- **WHAT YOU SHOULD DO**: Could you set down the listing below exactly, leaving out its pictures?

- **SUPPLIED MATERIAL**:
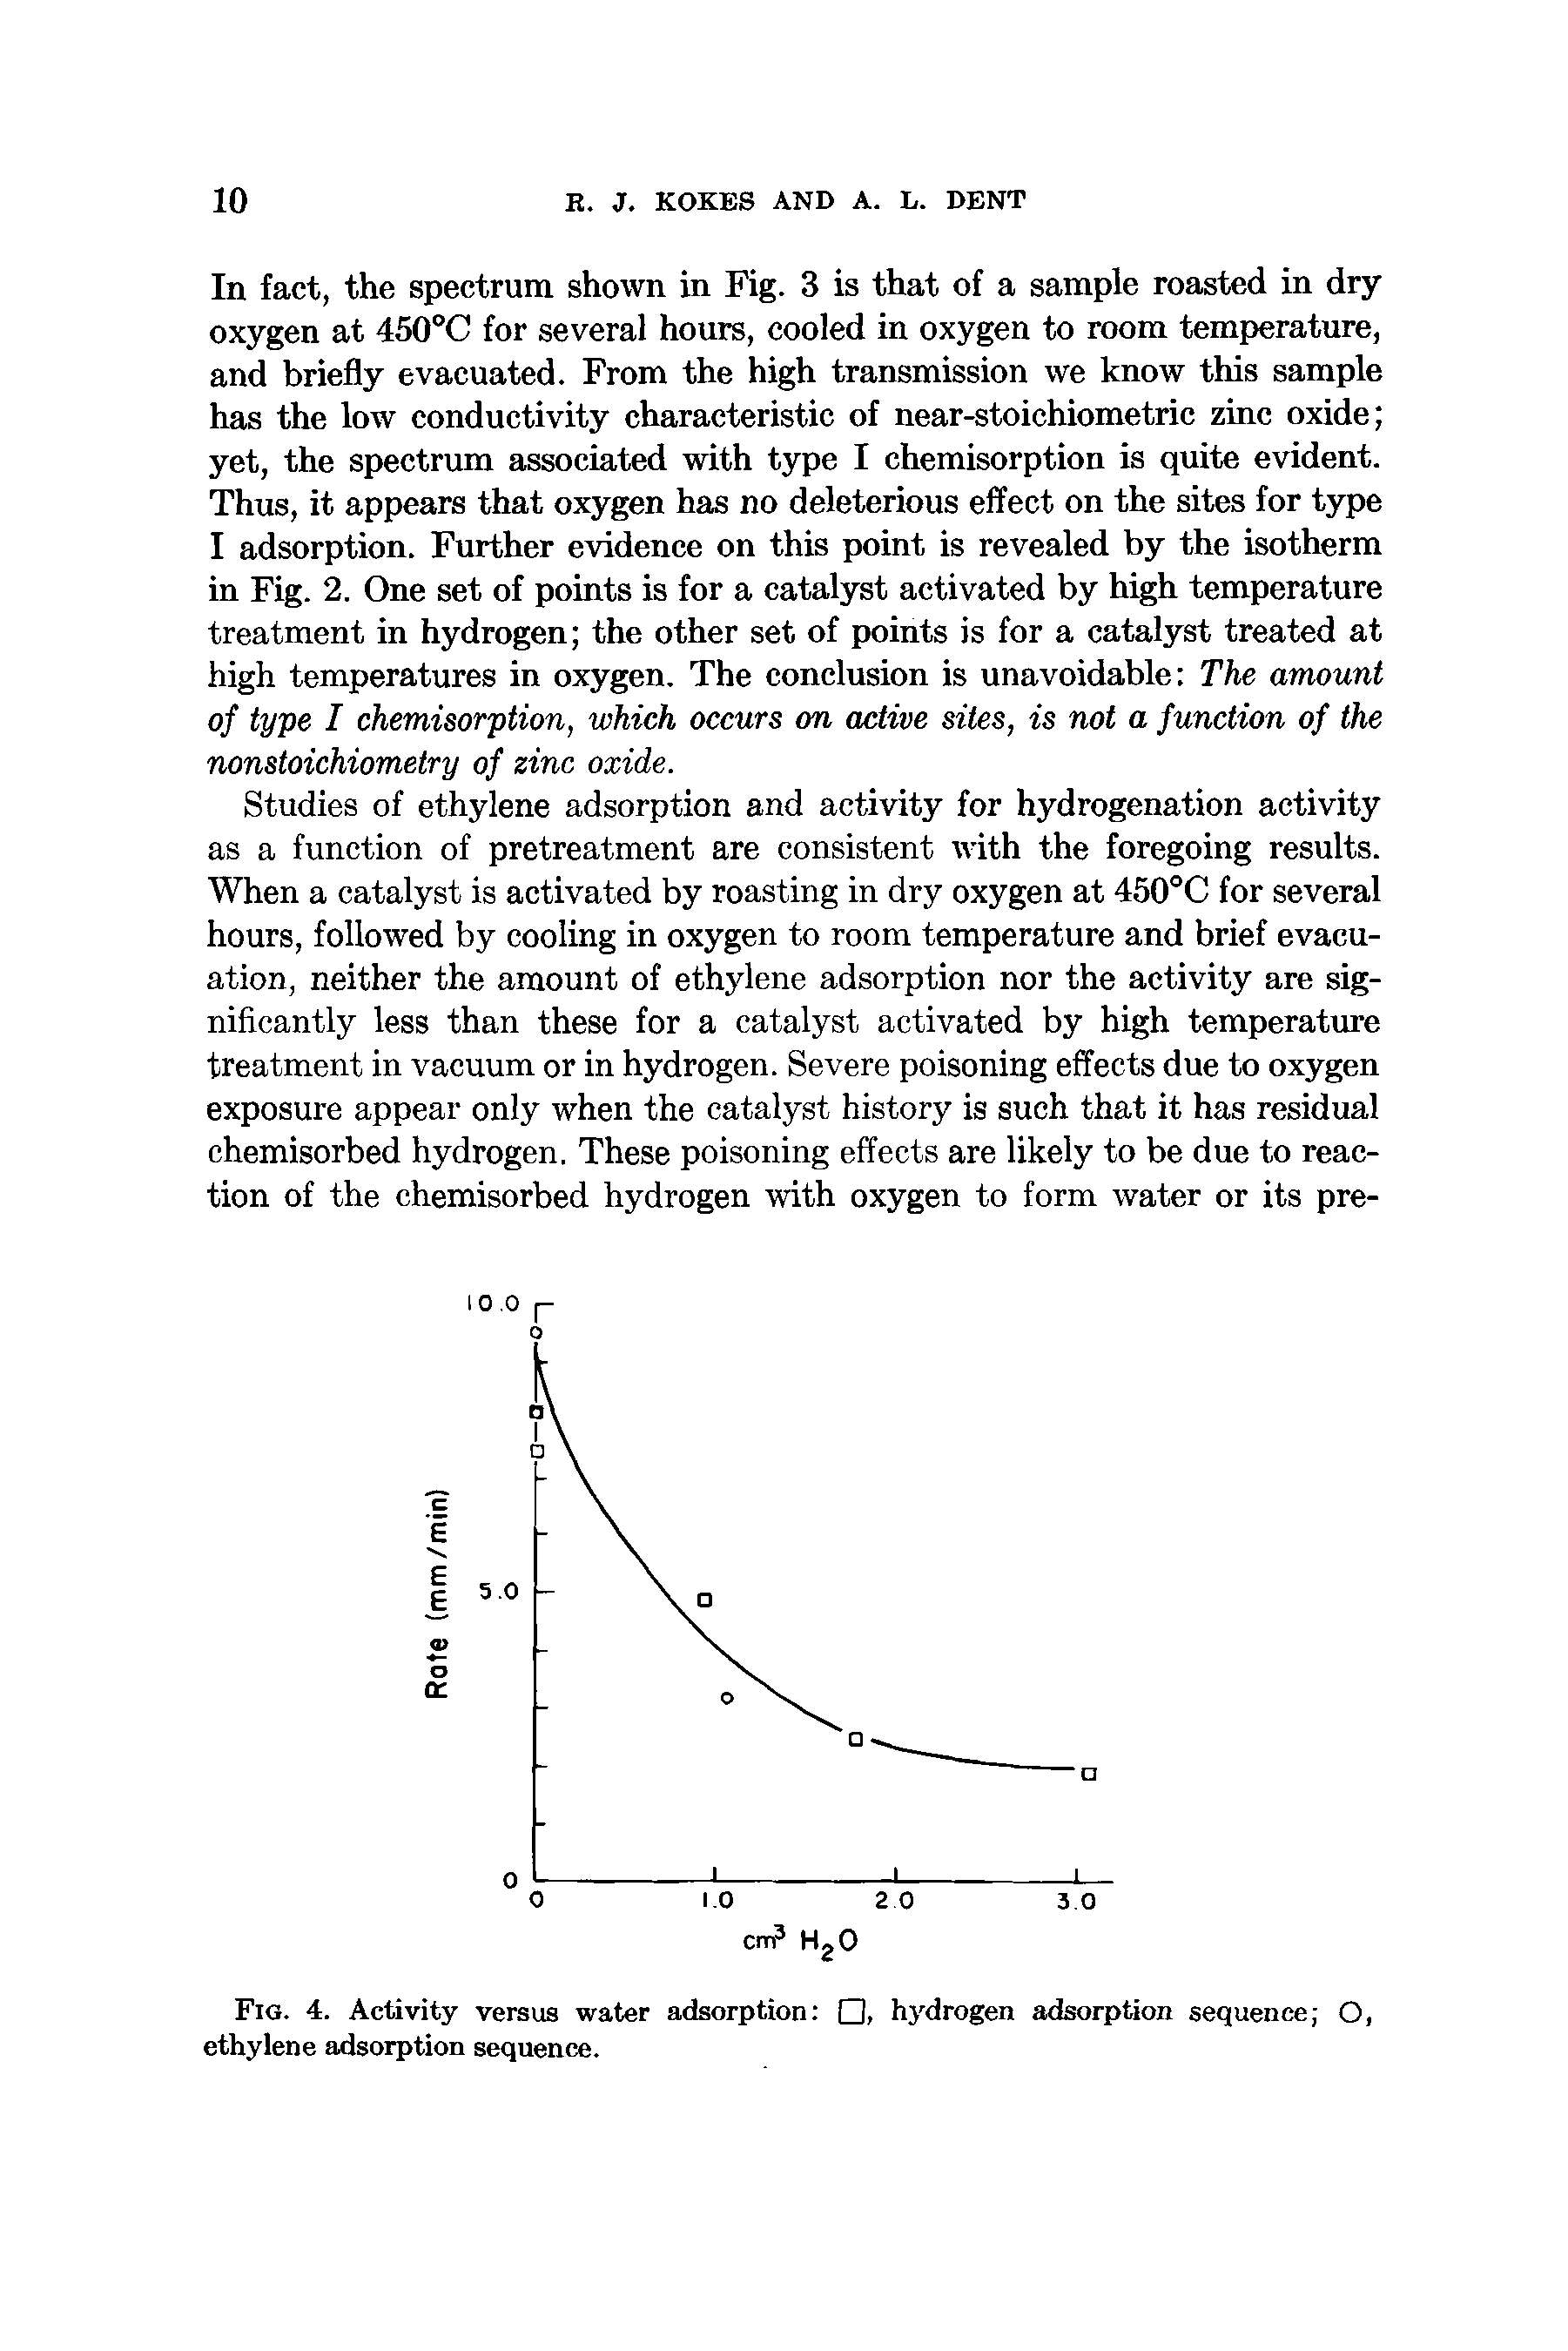 Fig. 4. Activity versus water adsorption , hydrogen adsorption sequence O, ethylene adsorption sequence.
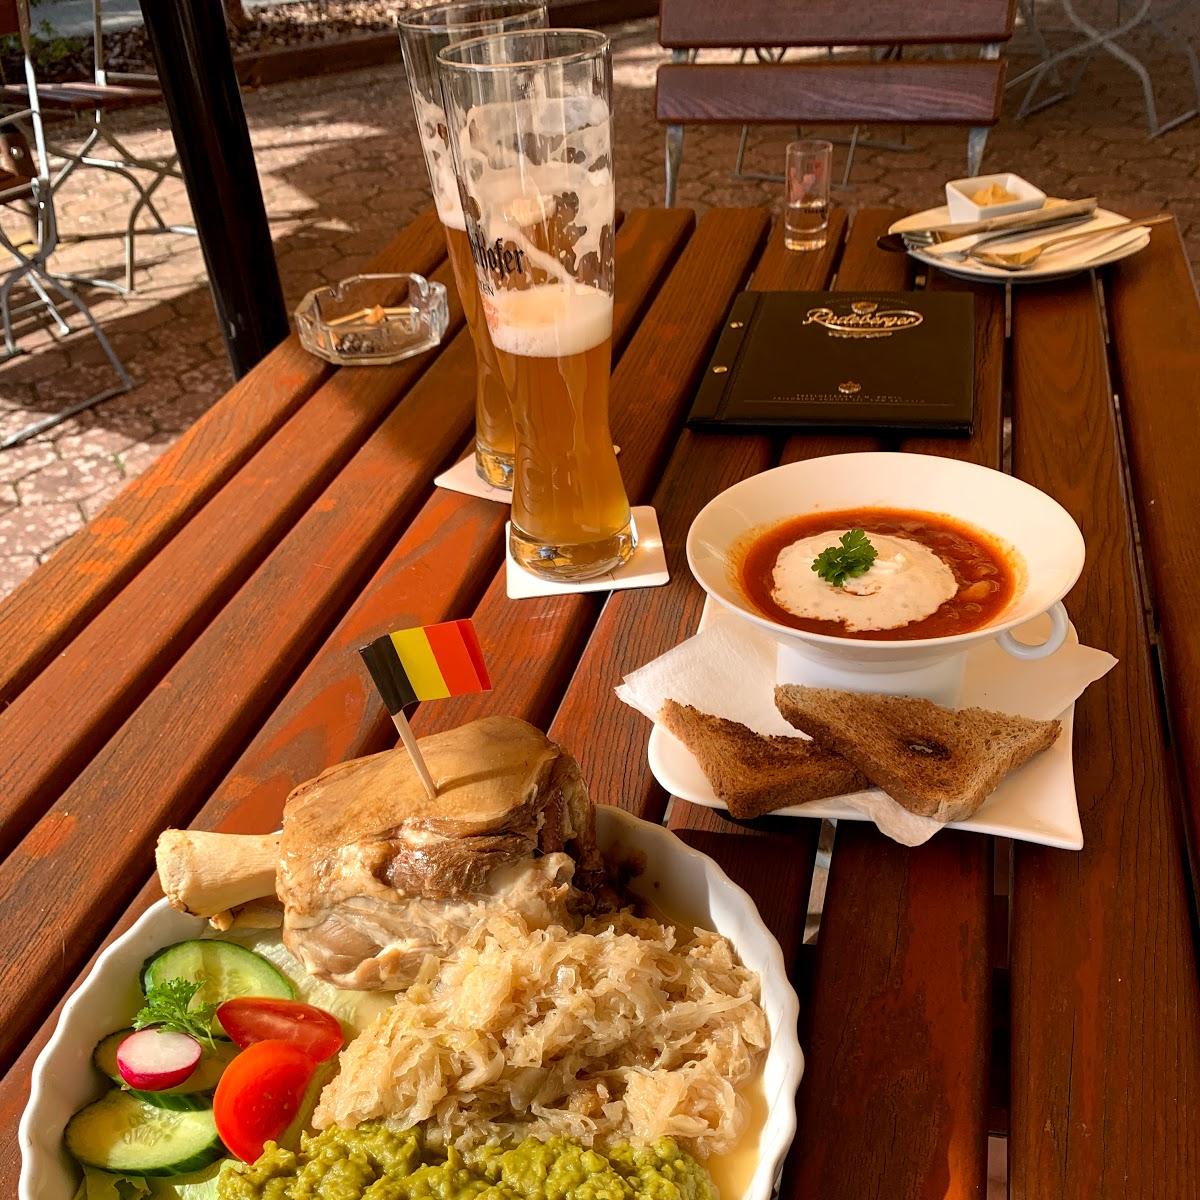 Restaurant "Gaststätte zum Dicken" in Milmersdorf
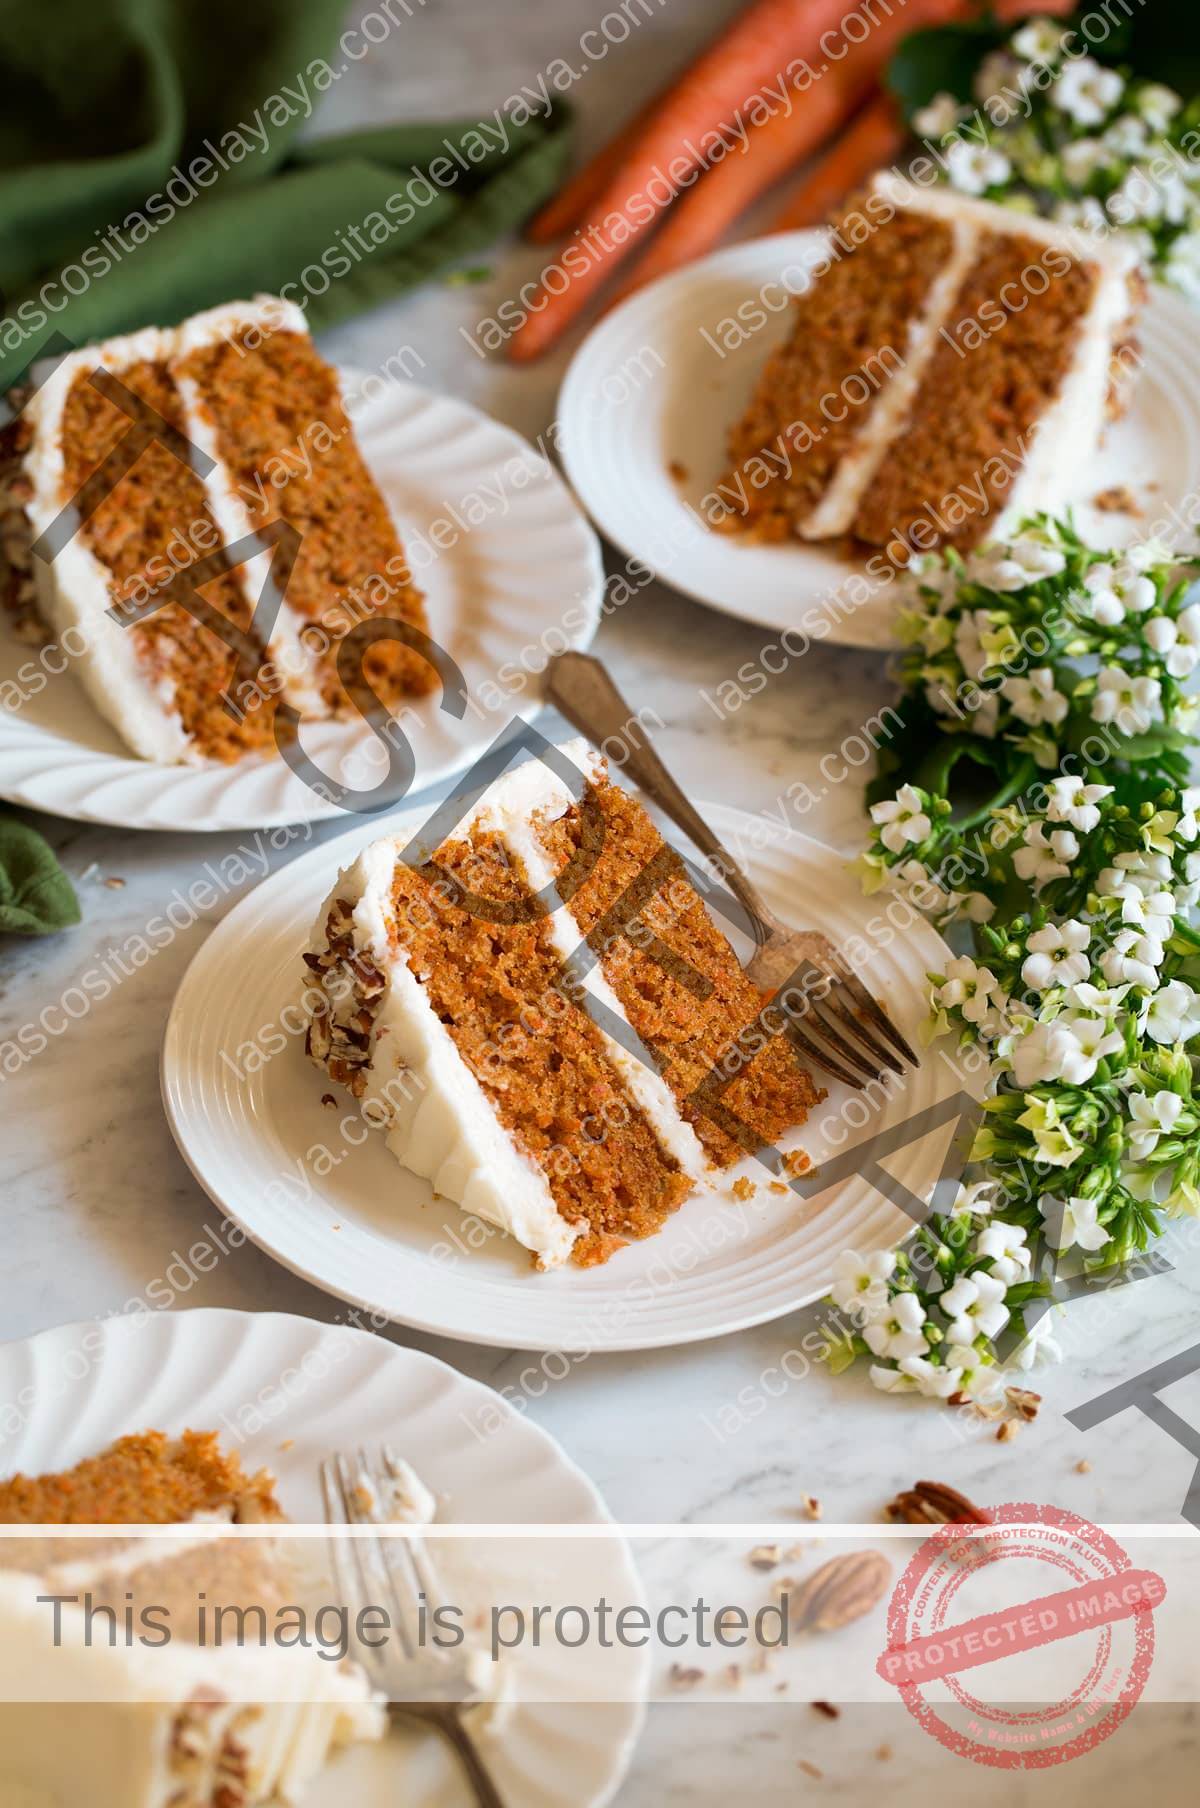 Quatro fatias de bolo de cenoura mostradas em pratos de sobremesa recortados brancos com flores e cenouras ao redor dos pratos.
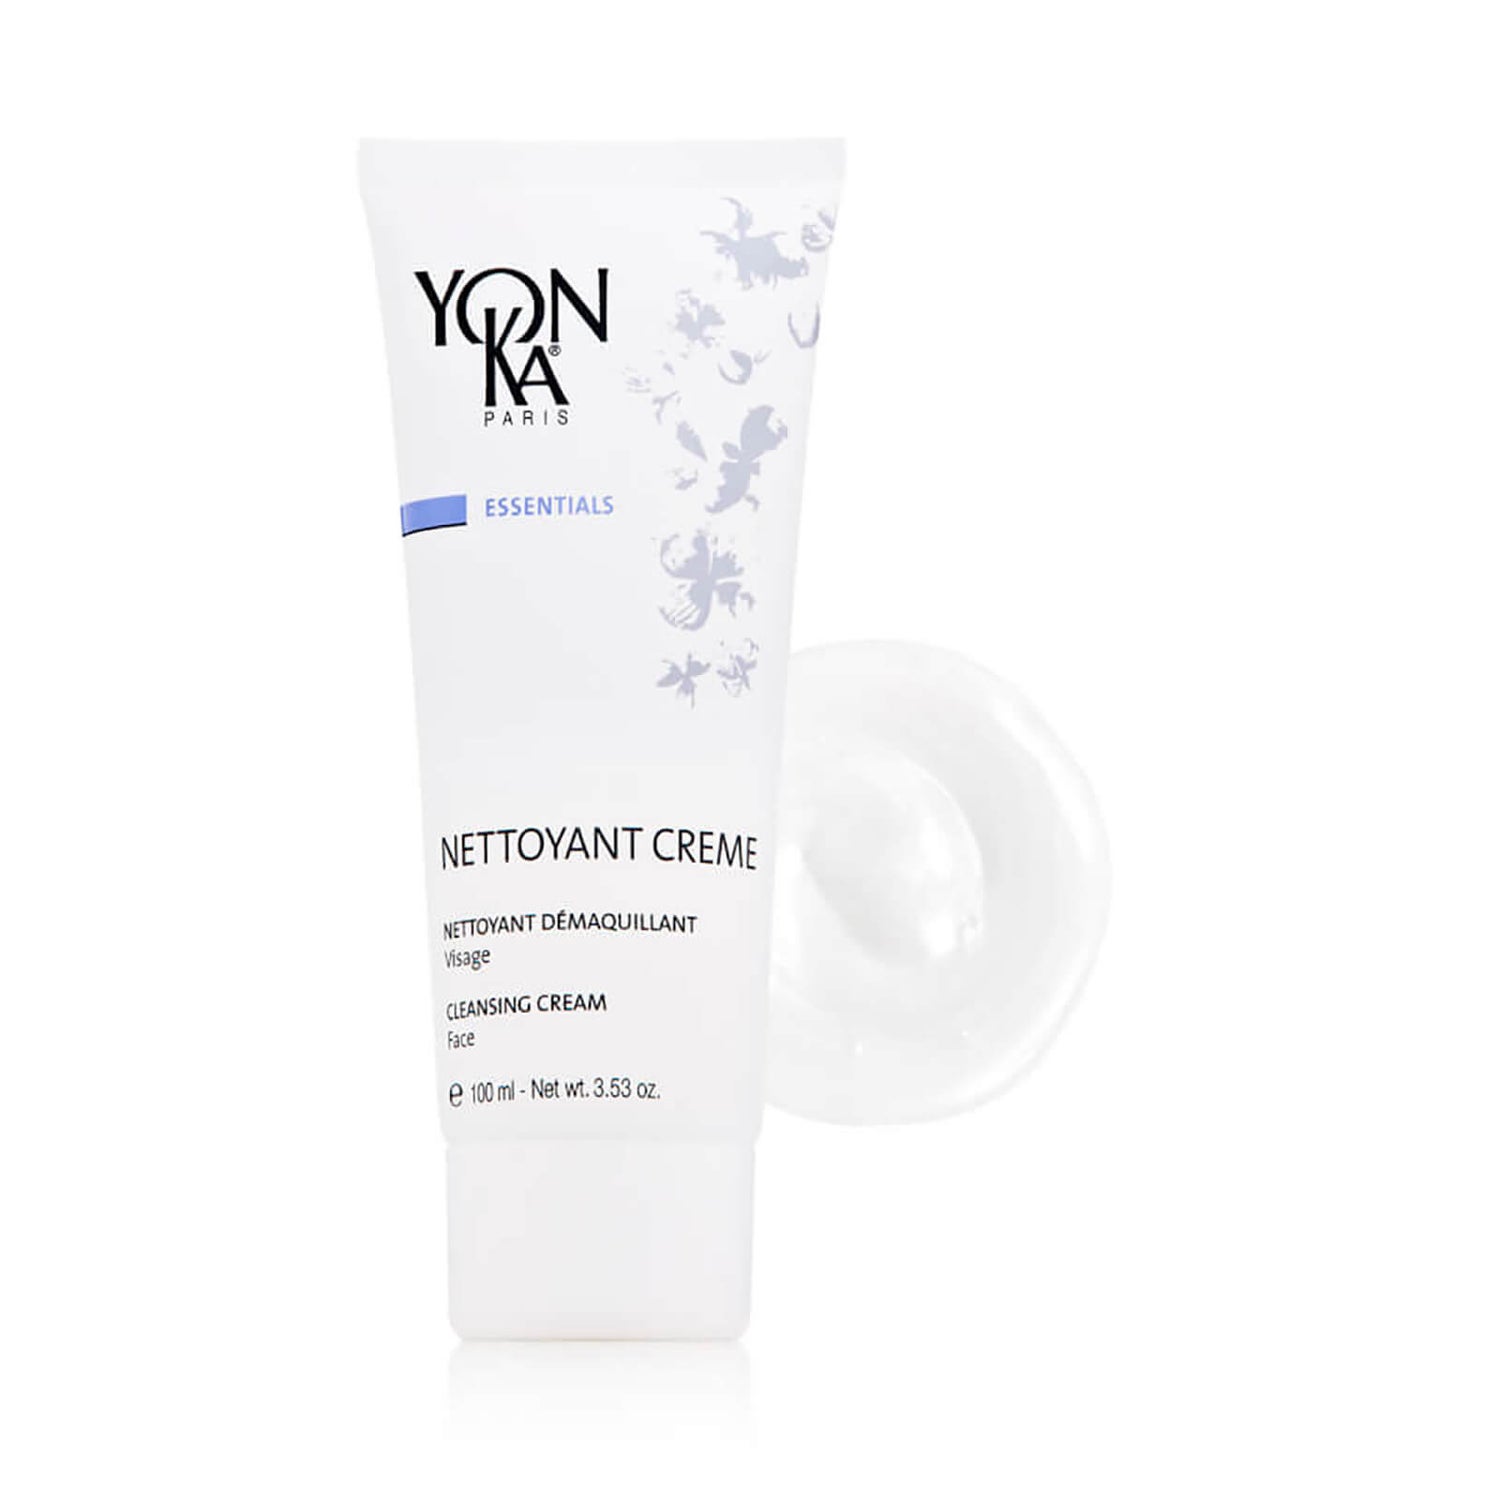 Yon-Ka Paris Skincare Nettoyant Creme

- **REPLY TO THE EXERCISE**:
 Fig. 4. Activity versus water adsorption , hydrogen adsorption sequence O, ethylene adsorption sequence.
 Restaurant "Gaststätte zum Dicken" in Milmersdorf
 Quatro fatias de bolo de cenoura mostradas em pratos de sobremesa recortados brancos com flores e cenouras ao redor dos pratos.
 Yon-Ka Paris Skincare Nettoyant Creme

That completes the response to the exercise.